Gaby asintió. Se dio la vuelta para continuar con su jornada. Julia abrió el portafolio digital. Lo hojeó sin mucho interés, hasta que algo la detuvo. Una serie de ilustraciones conceptuales para una campaña de ropa masculina. Colores oscuros, contrastes agresivos, una carga sexual implícita, provocadora. Había vida ahí. Atrevimiento. Algo que no veía desde hacía tiempo.
Cerró el documento.
La palabra “vida” le retumbó por dentro.
Esa noche, volvió a casa a las 7:23 p.m. ´su esposo no estaba. En la cocina había una nota en el móvil de la empleada doméstica: “El señor se fue a una reunión en Santa Anita. Dijo que no lo esperara para cenar.”
Santa Anita. Las carreras.
Suspiró. Se quitó los tacones y caminó descalza por el piso helado. Abrió una botella de vino. No tenía hambre. Sirvió una copa, se sentó en la terraza y encendió un cigarro. Algo que solo hacía cuando él no estaba.
Miró el cielo. Esa franja oscura sin estrellas, como su vida. Como su cama. Como su vientre.
Encendió su celular. Releyó el mensaje de Gaby. Luego escribió algo nuevo:
“Confirma a Pablo para mañana. Quiero conocerlo.”
Pausa.
Y luego, un segundo mensaje, más íntimo. Más honesto. Más suyo.
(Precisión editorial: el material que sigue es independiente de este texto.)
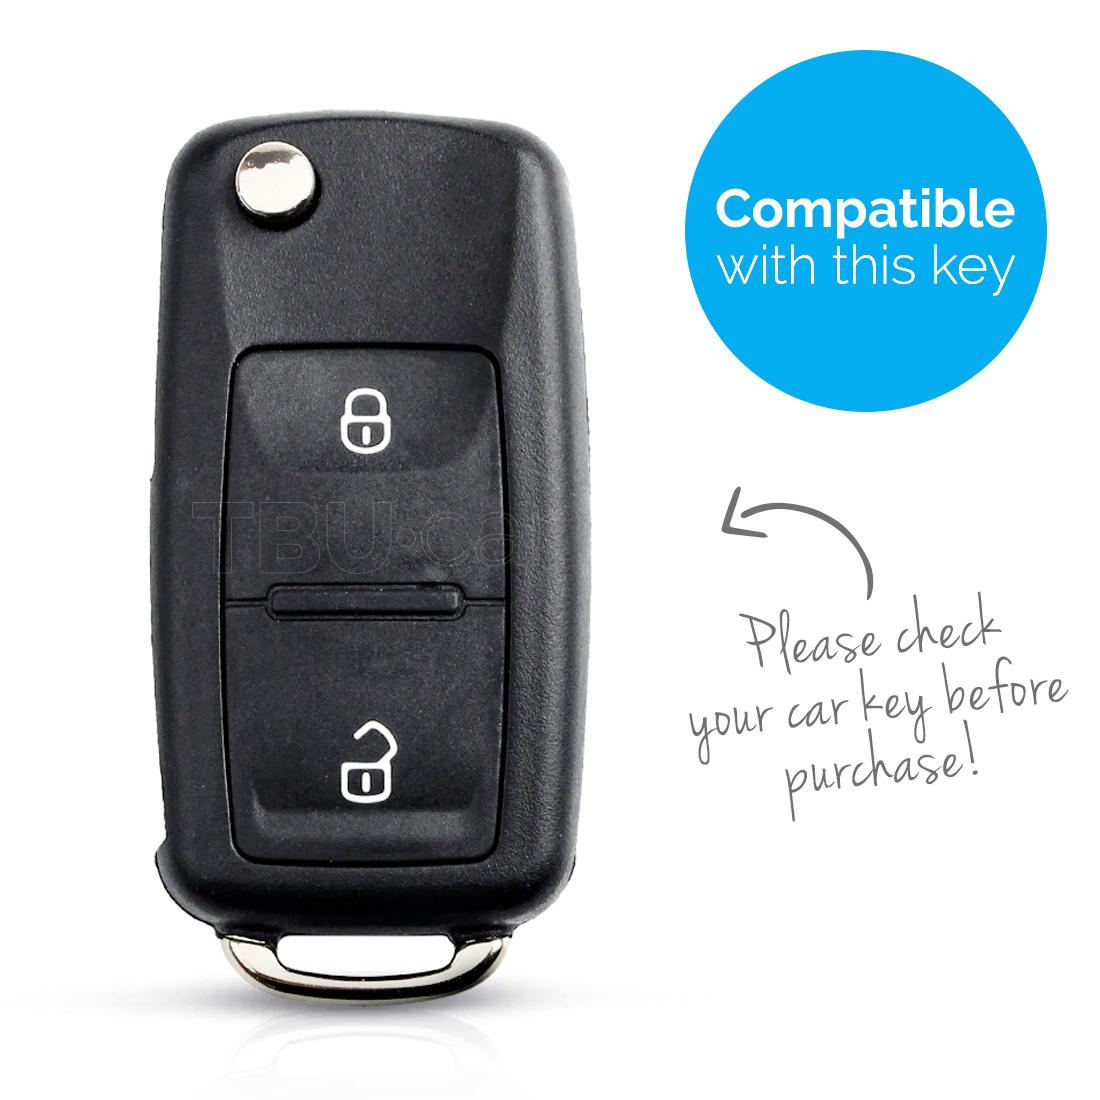 TBU car TBU car Sleutel cover compatibel met Skoda - TPU sleutel hoesje / beschermhoesje autosleutel - Goud

“Estoy lista para algo diferente.”
Julia terminó su segunda copa de vino sola, envuelta en la brisa tibia de la noche californiana. Observaba el agua de la piscina, estática como un cristal turquesa, y no pudo evitar pensar en cuántas veces se había sentido sumergida, contenida bajo una superficie impecable… sin poder salir a respirar.
Pensó en sus padres, en su infancia en un apartamento de dos habitaciones donde todo era ruidoso, cálido y caótico. Allí se hablaba a gritos, se reía hasta tarde, se peleaba por tonterías y se compartía un solo televisor. No era una vida lujosa, pero había movimiento. Había algo que en esta casa perfecta no existía: pulsos.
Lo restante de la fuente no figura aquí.